In regards to Larkin, his poetry overall does not represent Humanism. He is far too cynical and matter of fact to promote such a positive worldview. Moreover, when Larkin began studying Thomas Hardy's poetry, he developed a kinship with Hardy's style and themes. Hardy's works generally focus on Existentialism and Naturalism, both rather bleak views of the world; so Larkin's agreement with Hardy also implies that his perspective was much more in line with the negative views of life rather than with the positive philosophies of Humanism or Idealism. Below are two excerpts from his poems "This Be the Verse" and "Church Going" which demonstrate his rather fatalistic worldview.
From "This Be the Verse": "Man hands on misery to man. / It deepens like a coastal shelf. / You get you out as early as you can / And don't have any kids yourself."
The above excerpt demonstrates the Naturalist belief that man is fated to suffer and that there is no escape from that suffering. According to Larkin, humans choose not to have more chidren because they know that their children would face the same doomed life that they are "forced" to live.

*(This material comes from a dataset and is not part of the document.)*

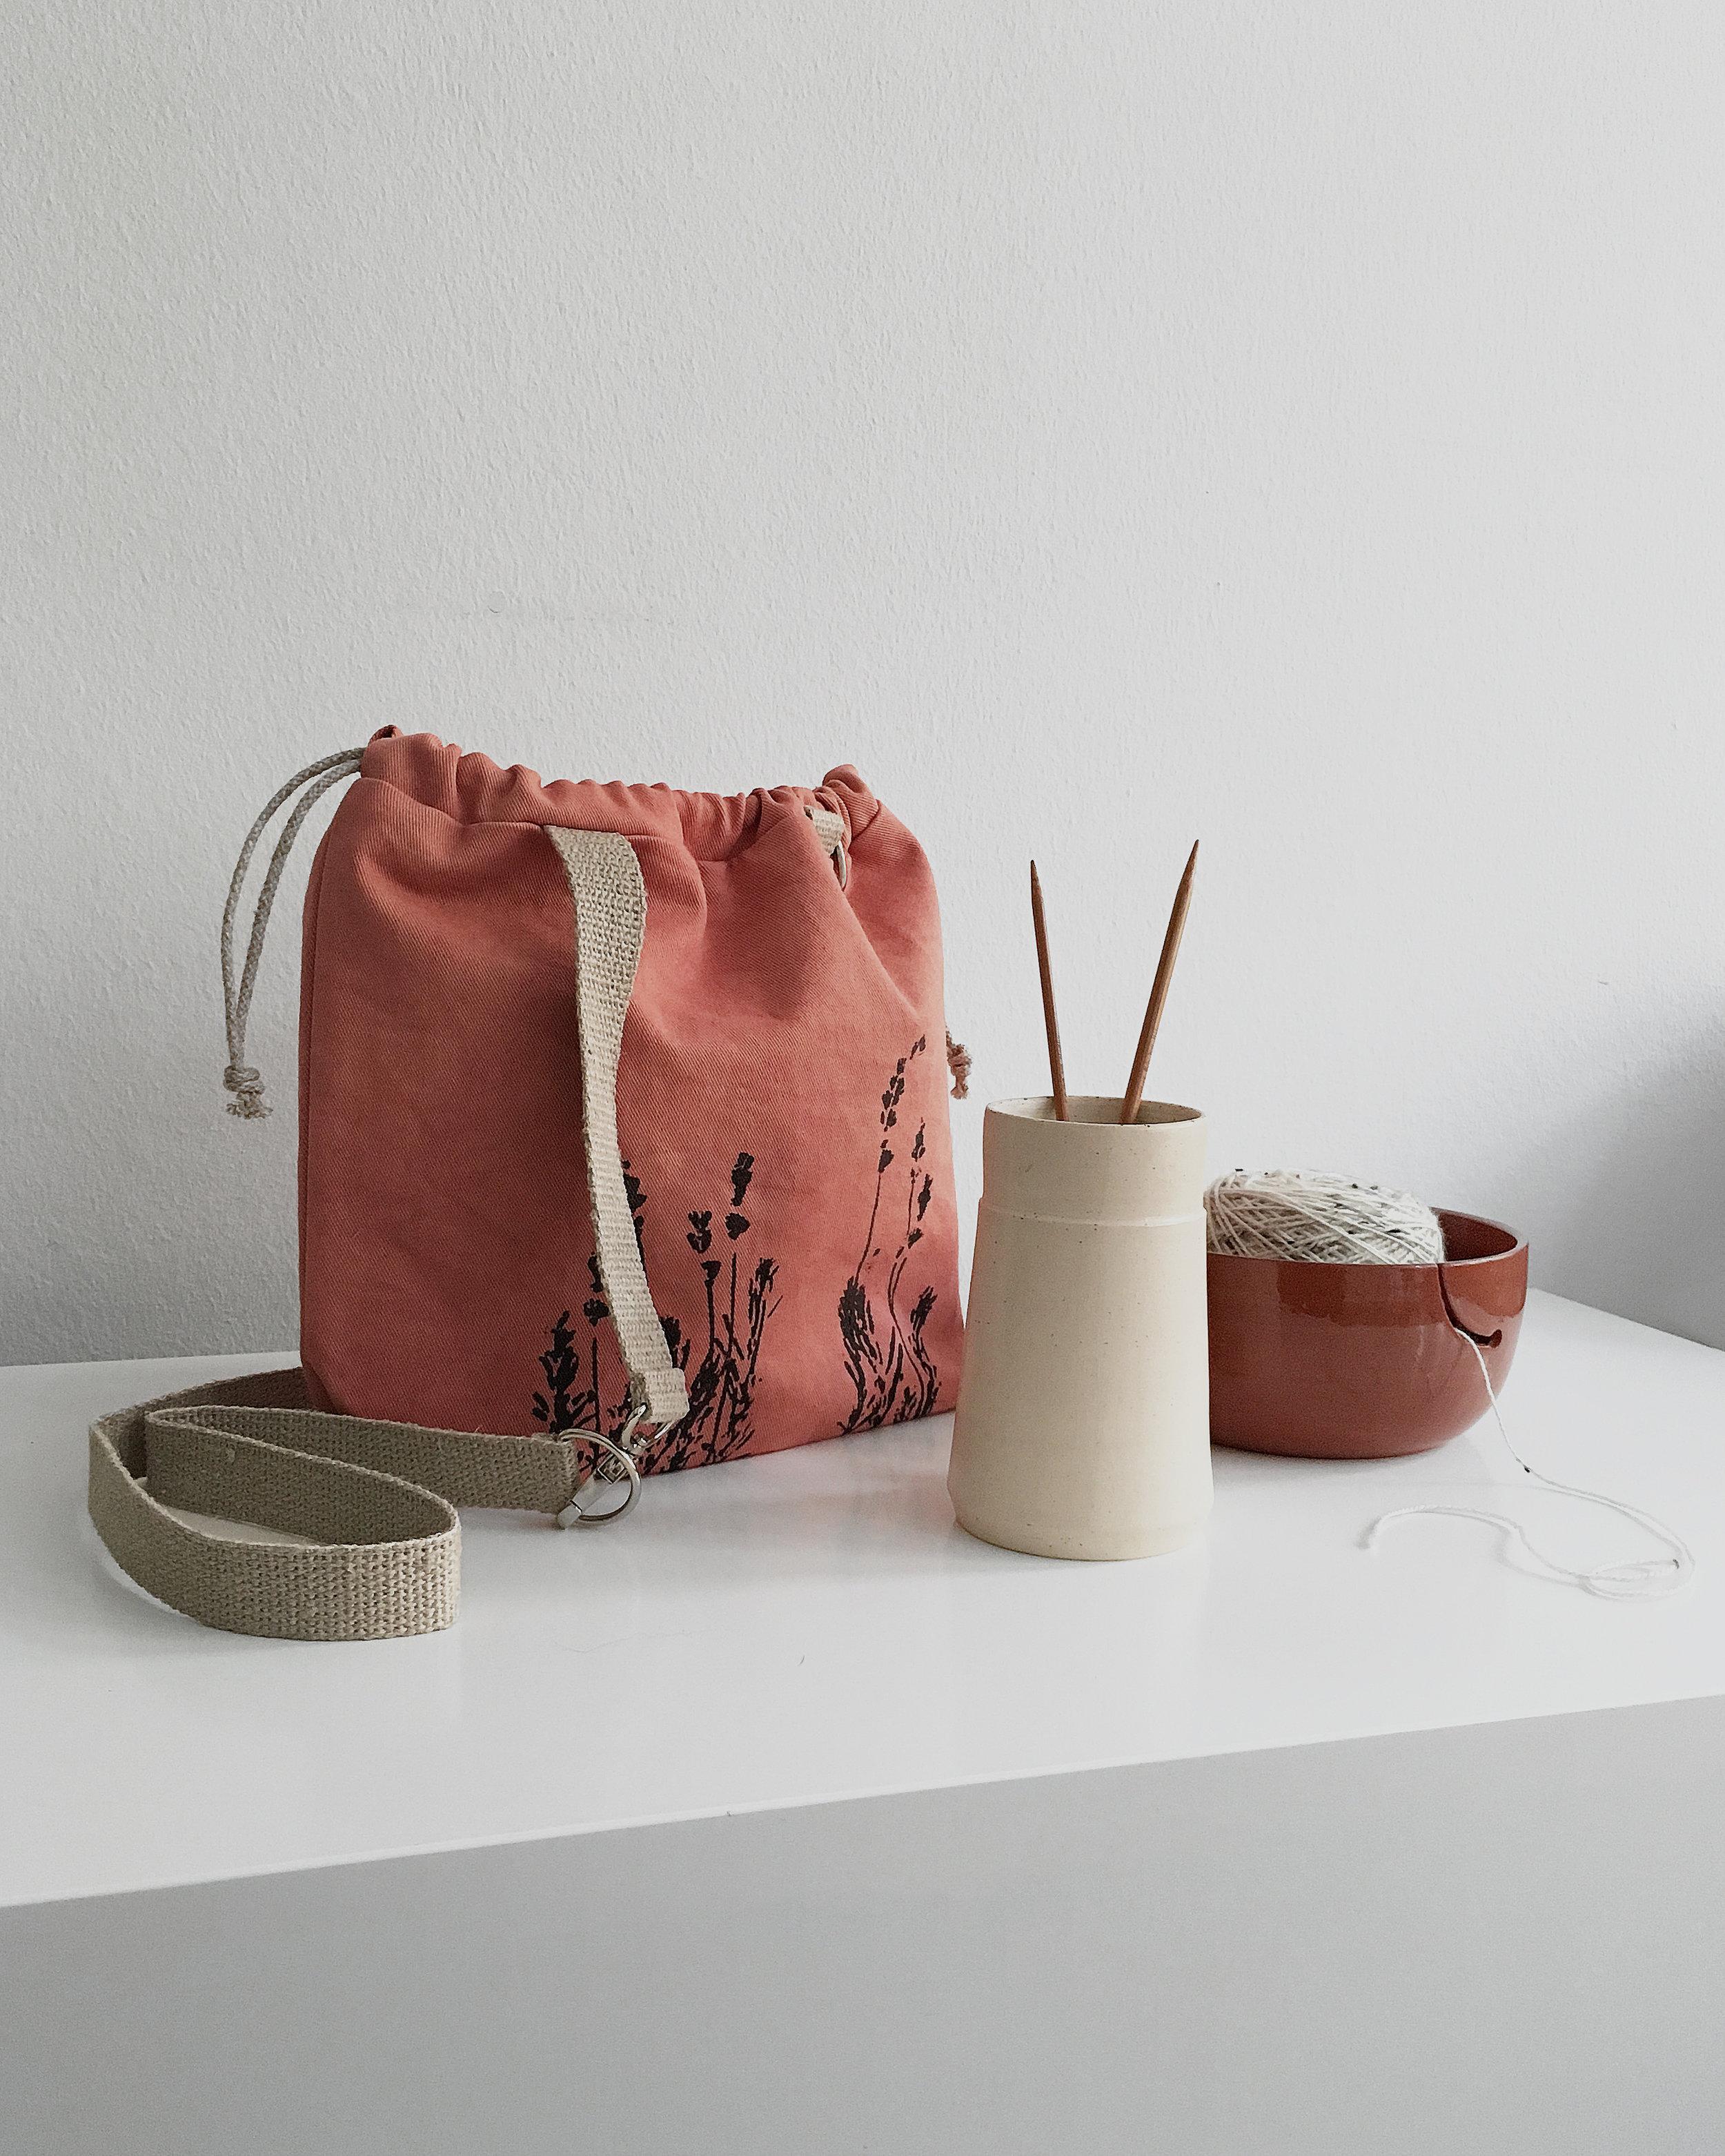 Knitting swag - handmade textiles and ceramics for mindful knitters #knitting #needlevase #ceramics #handmade

From "Church Going": "Yet stop I did: in fact I often do, / And always end much at a loss like this, / Wondering what to look for; wondering, too, / When churches fall completely out of use
What we shall turn them into . . ."
This quote from the second stanza of "Church Going" does not represent Humanism because while many Humanists would agree with Larkin that church or religion is unnecessary for mankind, they would not share his bleaker view that his propensity for visiting churches even when he does not know what to do when he goes inside is natural to him. Larkin demonstrates in this poem that for some reason he keeps going to churches to look around but is at a loss when he goes inside. For that reason, he believes that churches will eventually be unused. This idea that God might be out there (Afterall, what makes the poet want to keep going into churches?) but that He is not involved in churches or in humans' lives is very similar to Hardy's Existentialist perspective that a spectator god looks down on the human race but does nothing to help or hinder it.